(Guest Post by Matthew Ladner)
Todd Ziebarth from the National Alliance for Public Charter Schools has responded to criticism from yours truly, Max Eden and others regarding the soundness of judging charter school laws based on adherence to a model bill, rather than by their results. I encourage you to read Todd’s response.
Ziebarth in essence claims that facts on the ground in the last five laws passed rather than flaws in the laws themselves have dampened the impact of otherwise good laws. I have no reason to doubt that differences in circumstances from state to state will influence speed out of the gate. I however do not share Ziebarth’s preference for ranking charter laws by their adherence to a model bill when it is possible to judge them by their results, like the Brookings Institute did in this map:
This map measures the percentage of students by state who have access to a charter school in their zip code. It’s not a perfect measure- after all some zip codes have multiple charter schools. Perhaps the measure could be improved upon. When however you see states with near zero percentages on this map near the top of a ranking list, something seems out of sorts with the rankings. Yes circumstances can influence how well you come out of the gate, five new laws in a row failing to produce many schools isn’t a fluke, it looks more like a pattern.
Ziebarth notes that if we don’t include the recent charter bills that have yet to produce many charters, then you get a list like (each state listed along with the % of charter students). This revised list however remains problematic.
|4||District of Columbia||46%|
Ok, so the top rated law (Indiana) only produced charter schools within the zip codes of 19.5% of Indiana students, and enrolls 4% of the student population. The law has been in operation for a long time, but you as yet cannot even get a NAEP score for their schools because of the wee-tiny size of the population. If one is a utilitarian sort, any set of criteria that ranks Indiana as having the top charter school law seems in need of revision.
Minnesota has the oldest of all charter school laws, but only six percent of the kids, and 37.7% of kids having access to a charter in their zip code for a law that passed in 1991. There is a word for that: contained. Minnesota gets a ton of credit for inventing charter schools, but their law doesn’t seem to be doing a whole lot to provide families with opportunities, or producing competitive pressure to shake things up.
DC meanwhile has 46% of total kids and 87% of kids have access to a charter school in their zip code. It’s also easy to find evidence of academic success for DC charters. Judging by results, this certainly looks like a much better charter law than Indiana or Minnesota. Ironically, the main reason NAPCS dings the DC charter law in their scoring metric is for a lack of equitable funding. DC charters however seem to be funded at a high enough level to capture 46% of the market, to provide access to 87% of kids, and to produce better results than DCPS. They also receive more generous funding per pupil than most (all?) states. There is no contest between DC and either Indiana or Minnesota in terms of outcomes in my book.
Ok I could go on but I think the horse is dead. We’ve reached the point where it is possible to judge charter sectors by outcomes, rather than by a model bill beauty pageant criteria.

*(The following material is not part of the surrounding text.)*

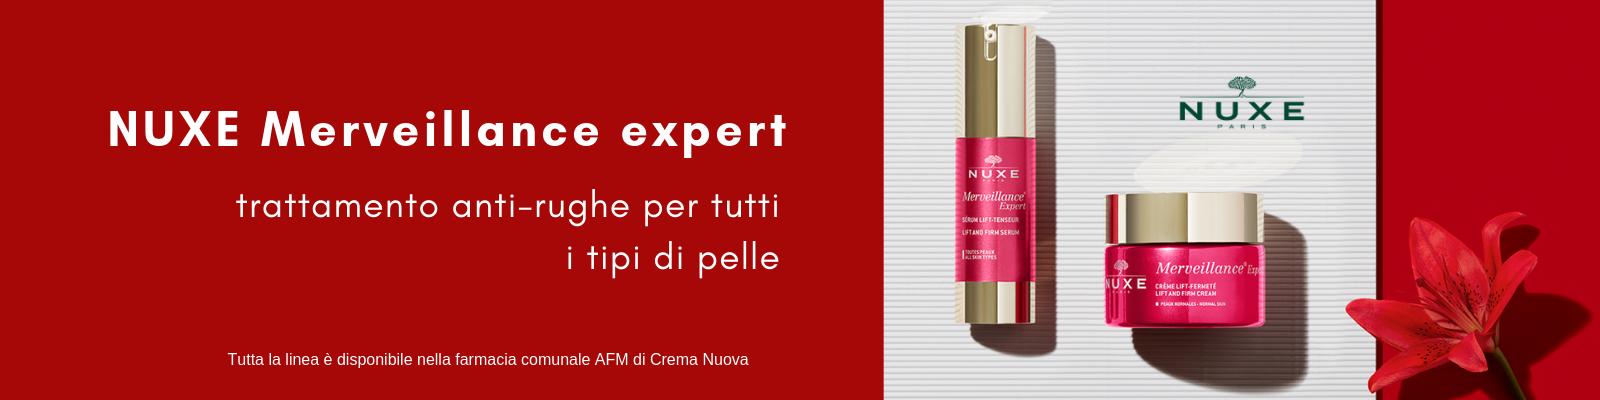 NUXE Merveillance expert, trattamento anti-rughe per tutti i tipi di pelle (2)
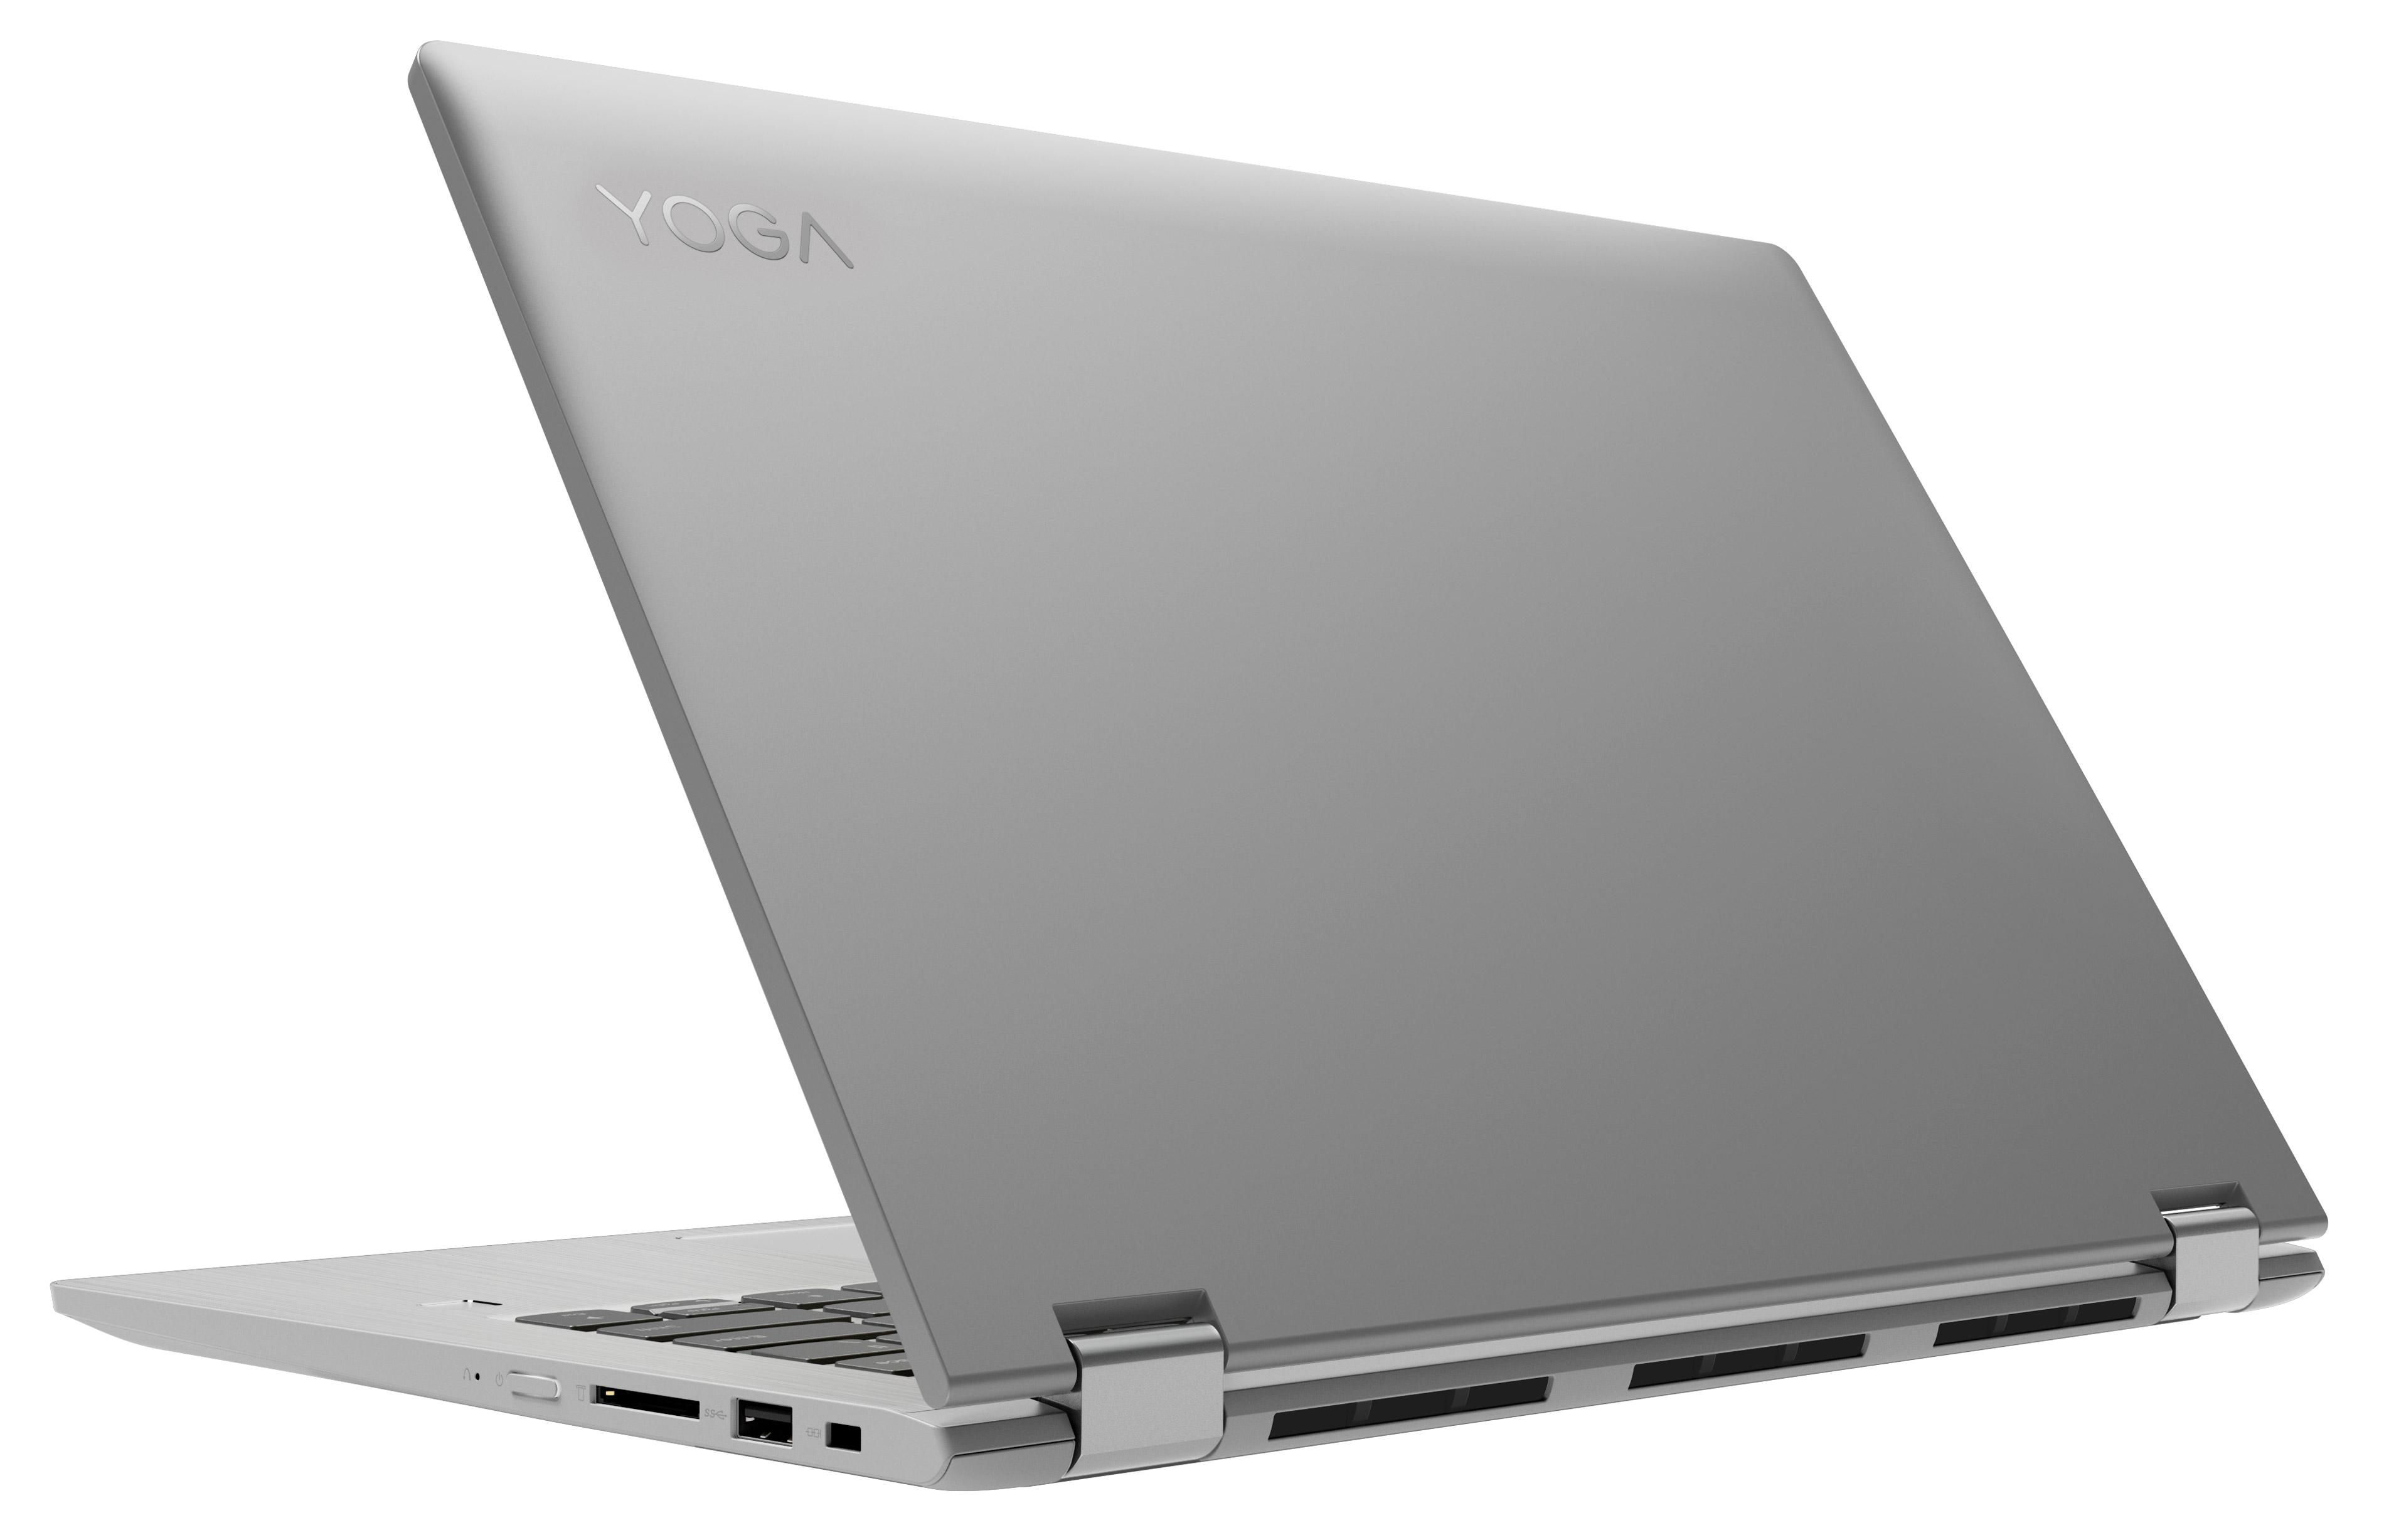 Фото  Ультрабук Lenovo Yoga 530 Mineral Grey (81EK00KKRA)

In the end charter school laws either produce seats or they don’t. Laws that fail to produce seats are failures. Laws that produce only a few seats are disappointments. Philanthropists should carefully reexamine their grant metrics to guard against the possibility that they have created a powerful incentive for groups to seek the passage of charter laws regardless of whether they ever produce many charter seats. I haven’t seen grant agreements, but I have watched as the last five laws failed to produce many schools. We are supposed to be creating meaningful opportunity for kids rather than merely colored maps.